Ханна поднимает брови:
– Без понятия.
– Потому что не смог оплачивать счета за газ.
Ханна улыбается, между зубами у нее щель, как у сеялки. Я сразу же чувствую приток воздуха в своей напряженной груди. Иногда мне кажется, что на меня садится какой-то великан, а когда ночью я задерживаю дыхание, чтобы оказаться поближе к Маттису, он смотрит на меня со стула у стола широко открытыми глазами новорожденного теленка.

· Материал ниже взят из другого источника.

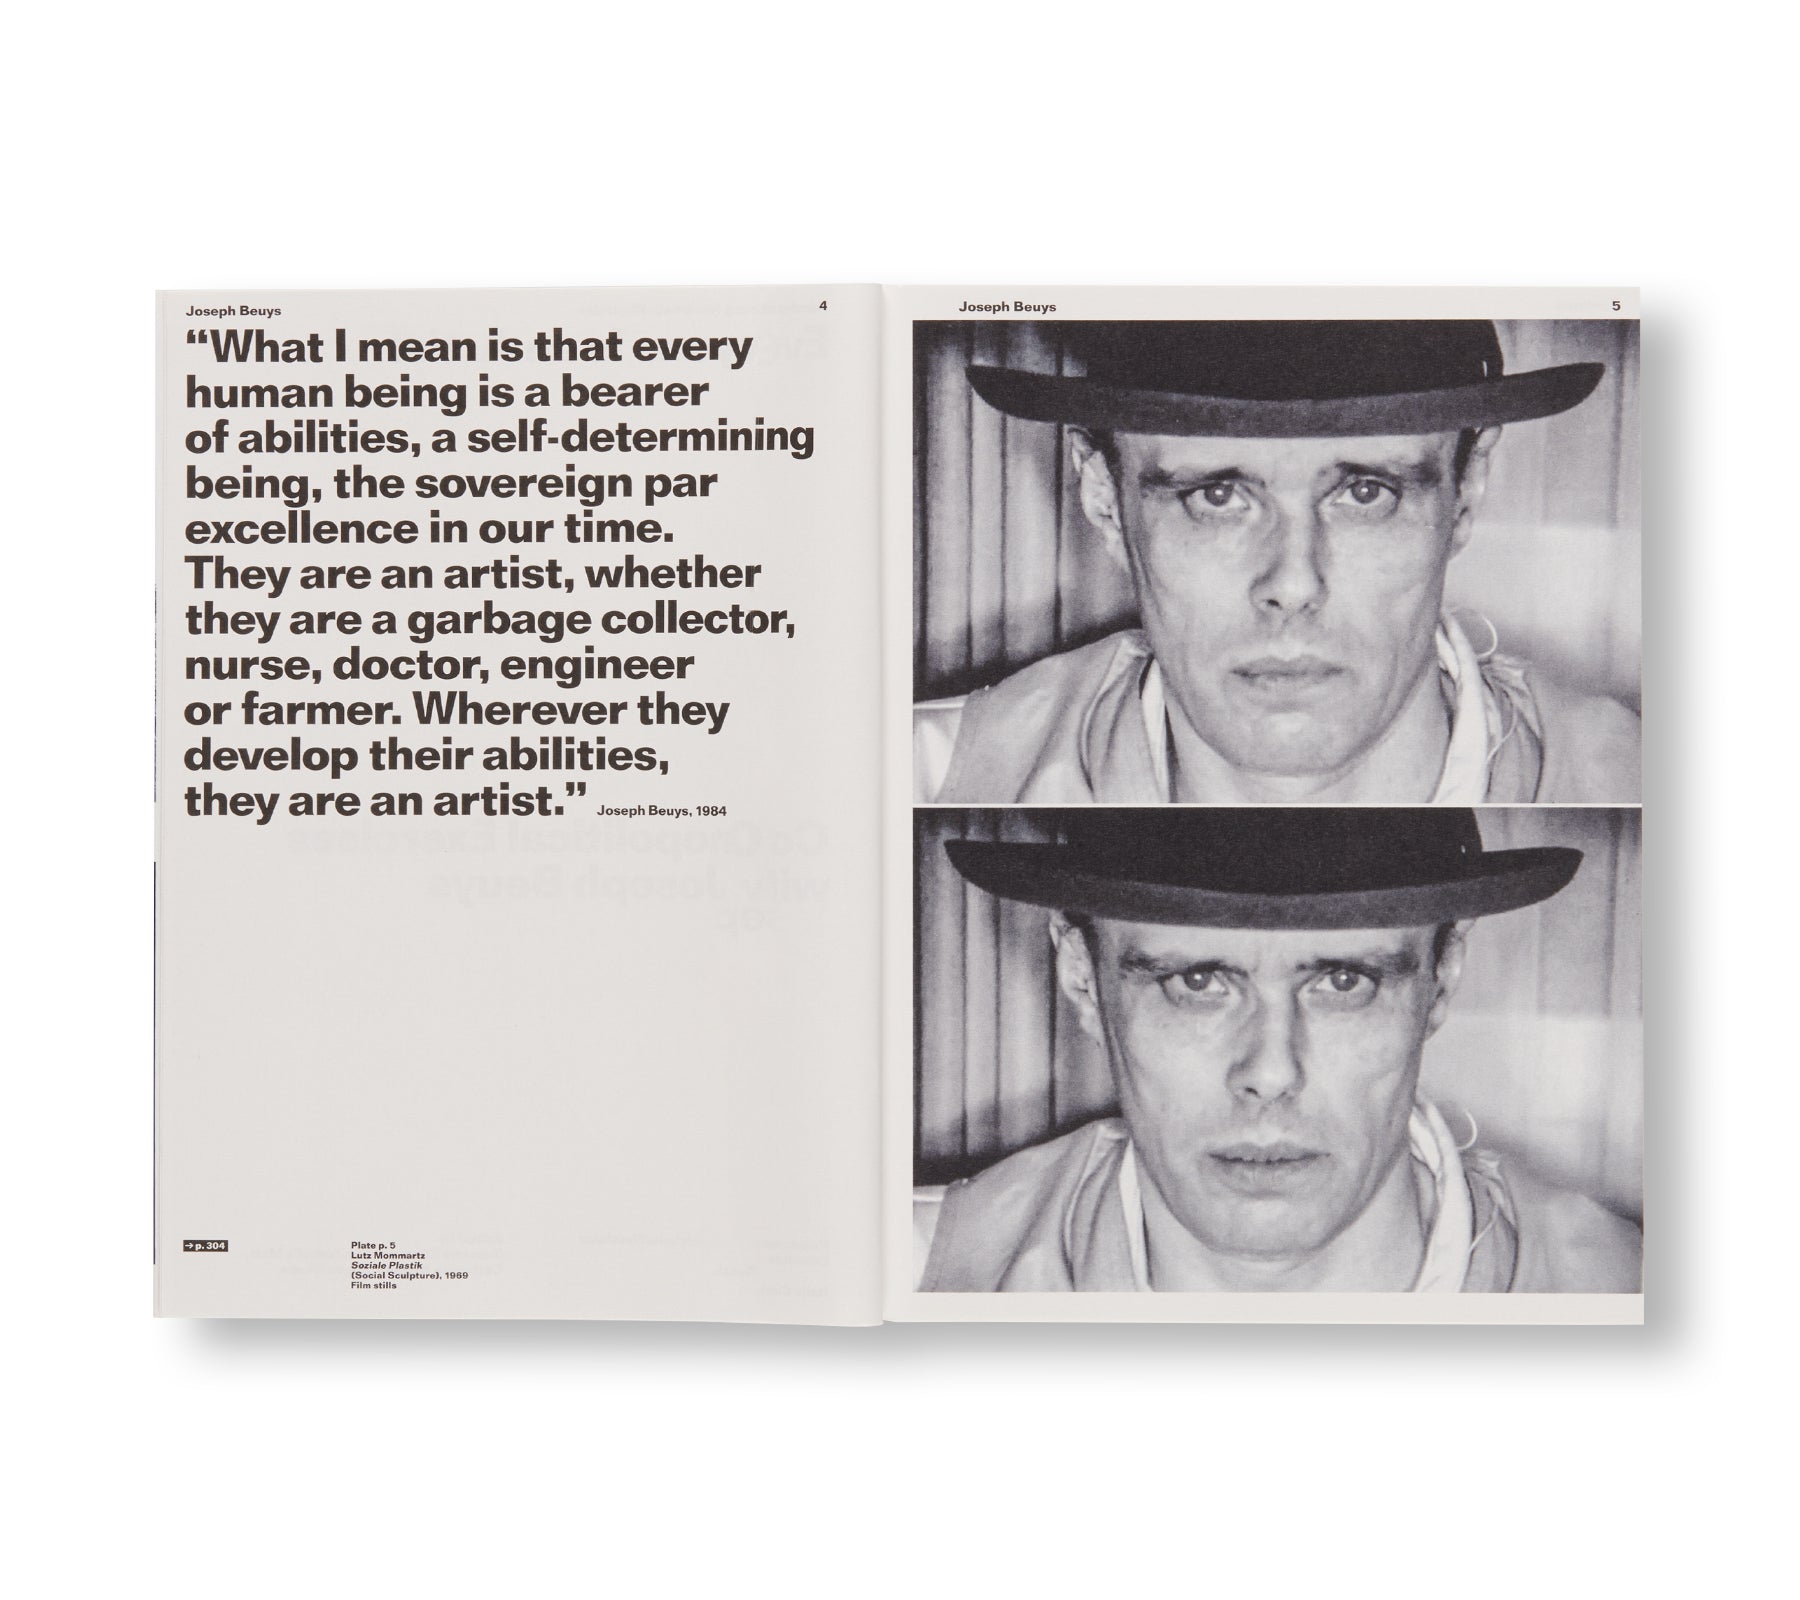 EVERYONE IS AN ARTIST: COSMOPOLITICAL EXERCISES WITH JOSEPH BEUYS

Он ободряет меня и говорит: «Нужно задерживать подольше, намного дольше». Иногда мне кажется, что большой дружелюбный великан сбежал из книги, потому что я однажды оставила ее открытой на тумбочке, а потом заснула. Но этот великан недружелюбен, он очень злой и, что еще важнее, очень убедительный. У него нет жабр, но он все же умеет надолго задерживать дыхание, иногда на всю ночь.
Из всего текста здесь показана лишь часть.